Should You Keep status_type
for Clustering?
- Post type influences engagement (e.g., videos get more comments, photos get more likes).
- You want clusters to reflect content strategy differences.
status_type
(e.g., video, photo, status) is a categorical feature that can significantly impact clustering results—but only if you handle it properly.

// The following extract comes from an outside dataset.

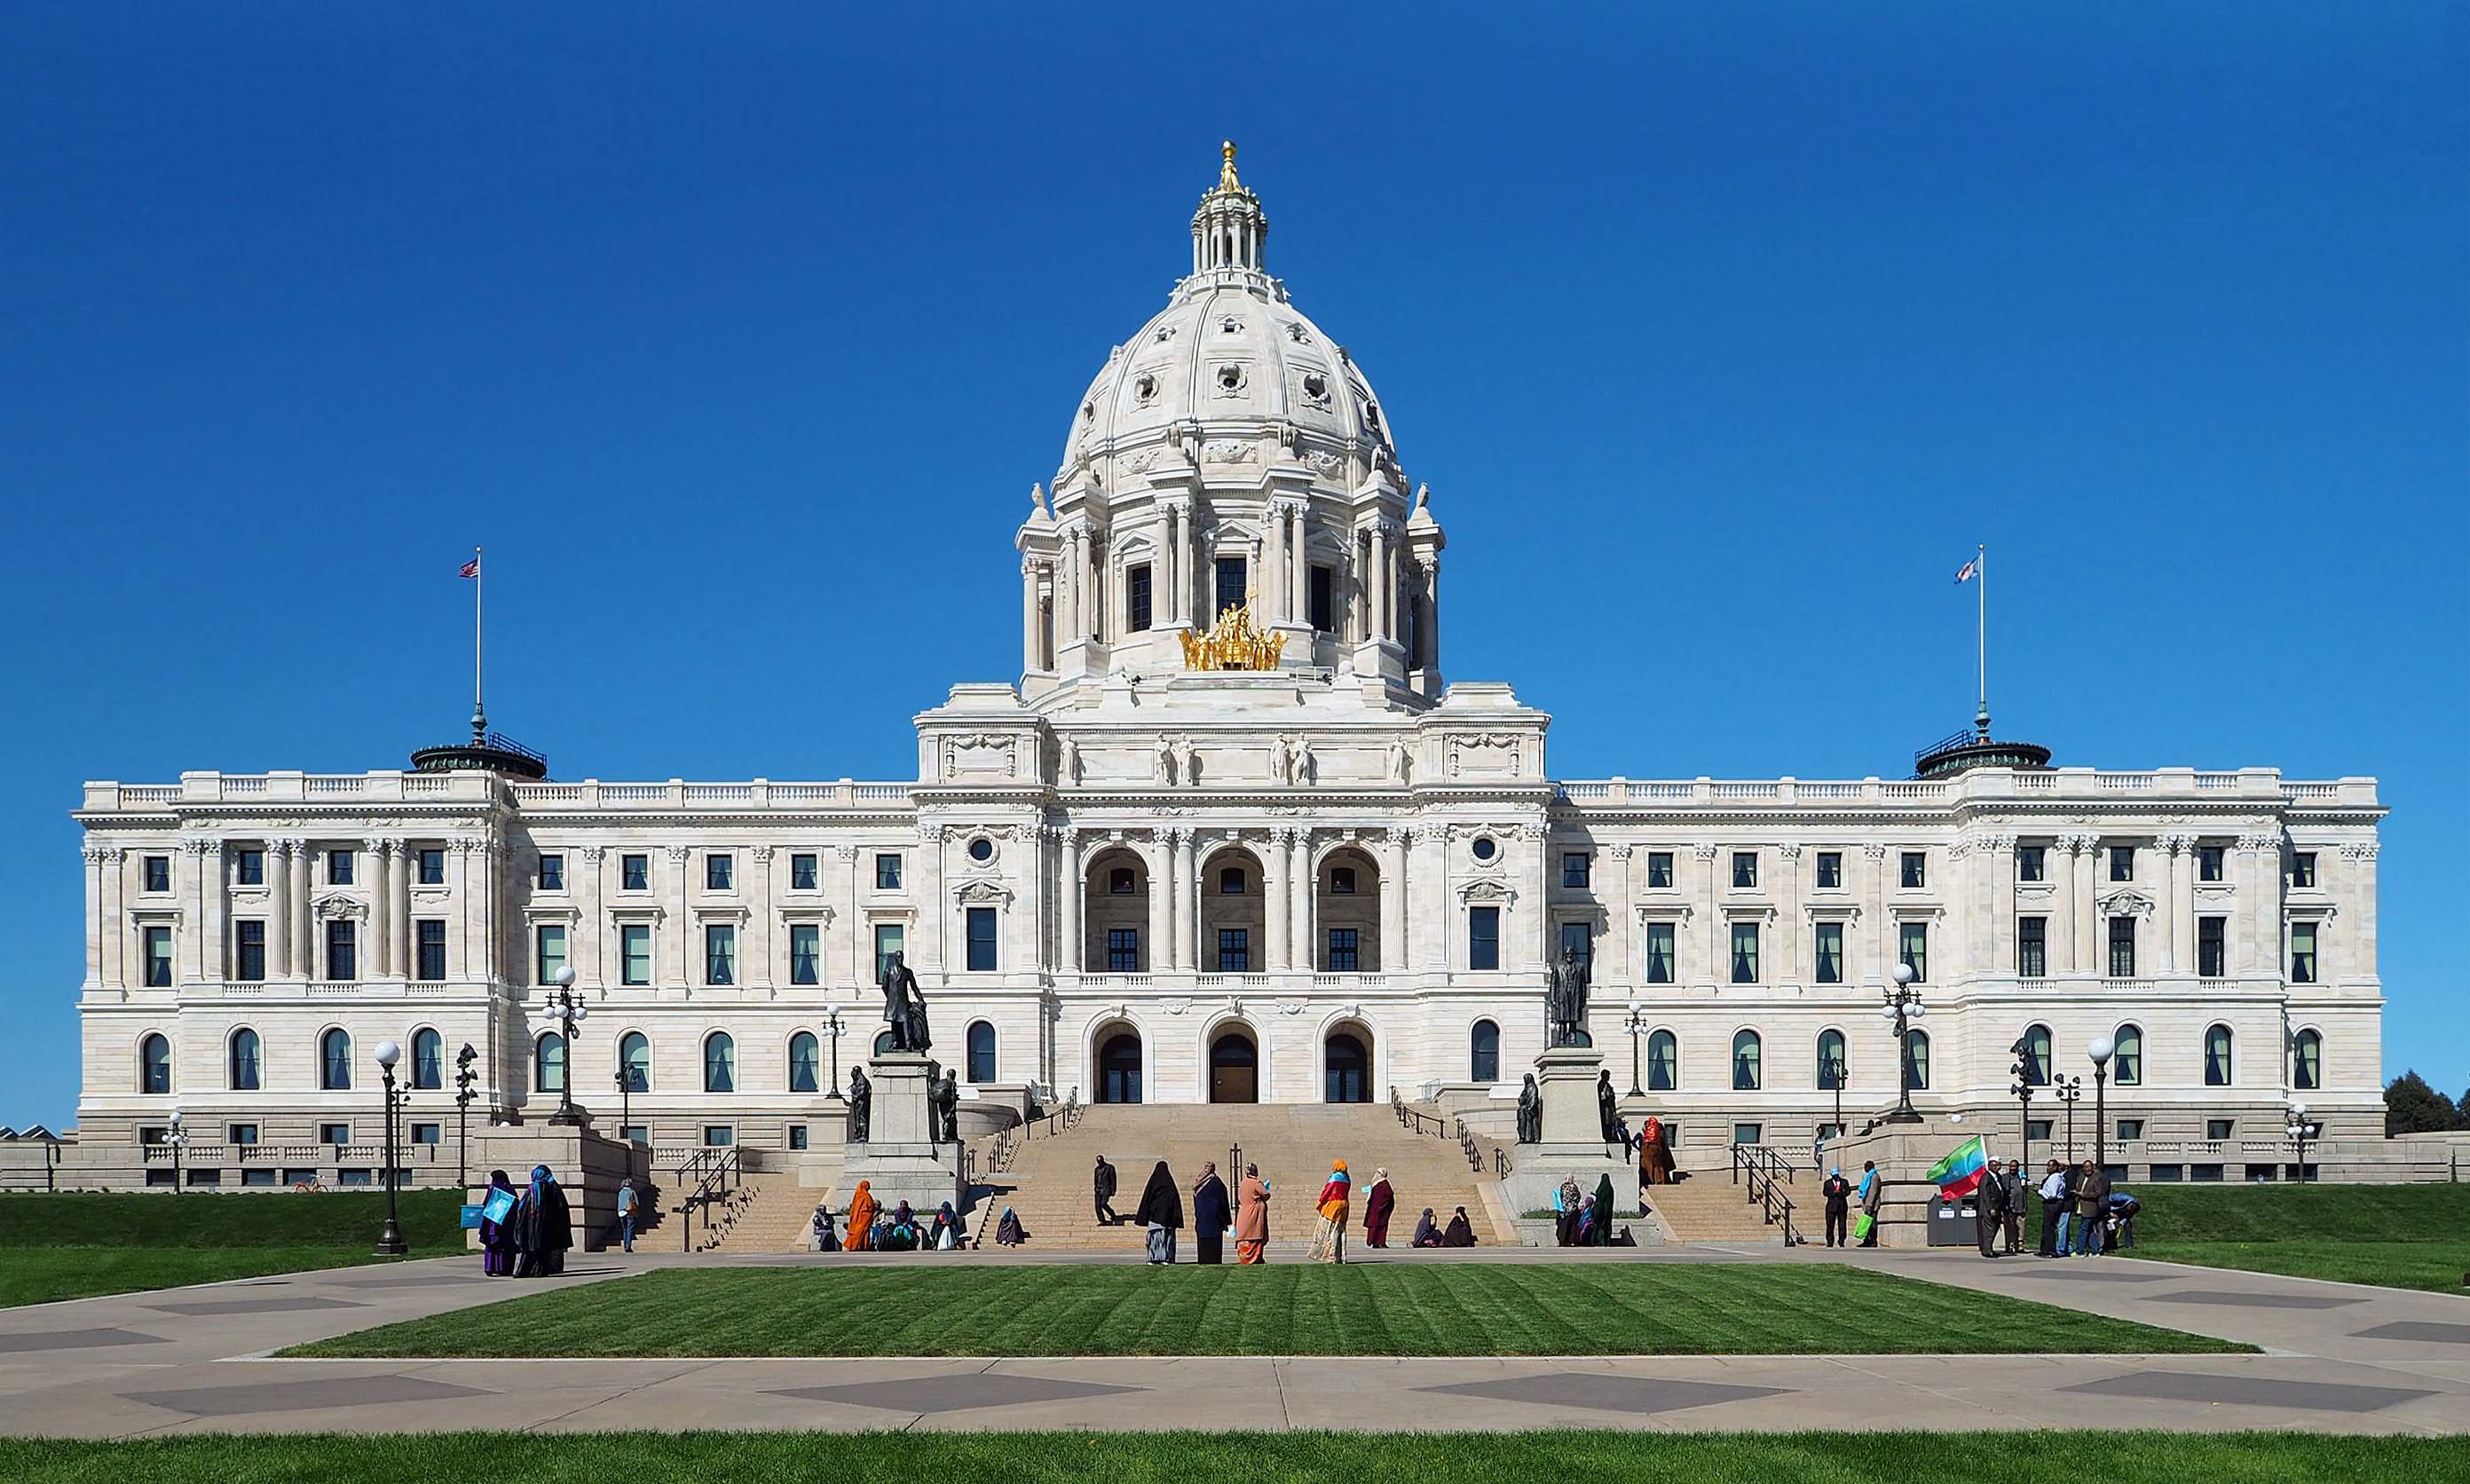 Visit Minnesota’s State Capitol

To visually compare how different Facebook post types perform across various engagement metrics, we can use the status_type
column to create a series of bar plots. These plots will illustrate the average number of likes, shares, and comments for each post type (e.g., photo, video, status). By doing so, we can easily spot trends—such as whether videos receive more comments due to real-time interaction, or if photos tend to generate higher reaction counts. Bar plots provide a clear way to analyze engagement distribution across post types, helping us understand which content formats drive the most audience interaction.

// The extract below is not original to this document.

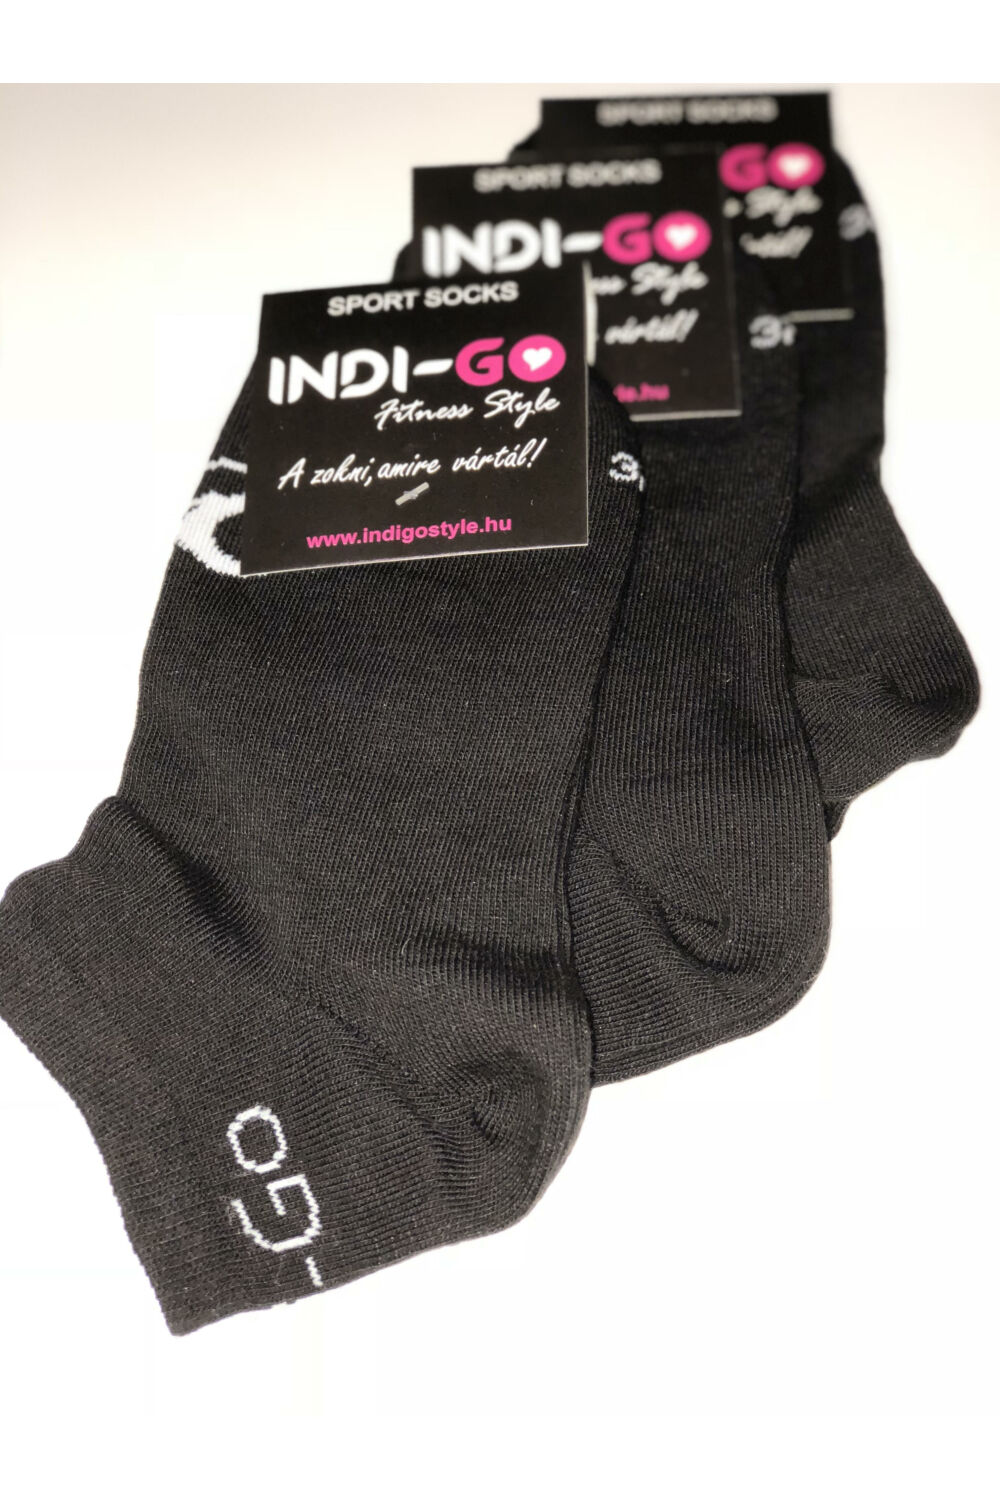 Indi-Go Indigo Sport zokni, fekete-pink

import matplotlib.pyplot as plt
# Define engagement metrics to plot
metrics = [
'num_reactions', 'num_comments', 'num_shares',
'num_likes', 'num_loves', 'num_wows',
'num_hahas', 'num_sads', 'num_angrys'
]
# Set up a 3x3 grid of subplots
fig, axes = plt.subplots(nrows=3, ncols=3, figsize=(18, 12))
fig.suptitle('Engagement Metrics by Post Type', fontsize=16, y=1)
# Flatten axes for easy iteration
axes = axes.flatten()
# Loop through metrics and plot each in a subplot
for i, metric in enumerate(metrics):
# Group data and plot
df.groupby('status_type')[metric].sum().plot(
kind='bar',
ax=axes[i],
color=['#1f77b4', '#ff7f0e', '#2ca02c'], # Custom colors
edgecolor='black',
alpha=0.7
)
# Customize subplot
axes[i].set_title(metric.replace('num_', '').title(), pad=1)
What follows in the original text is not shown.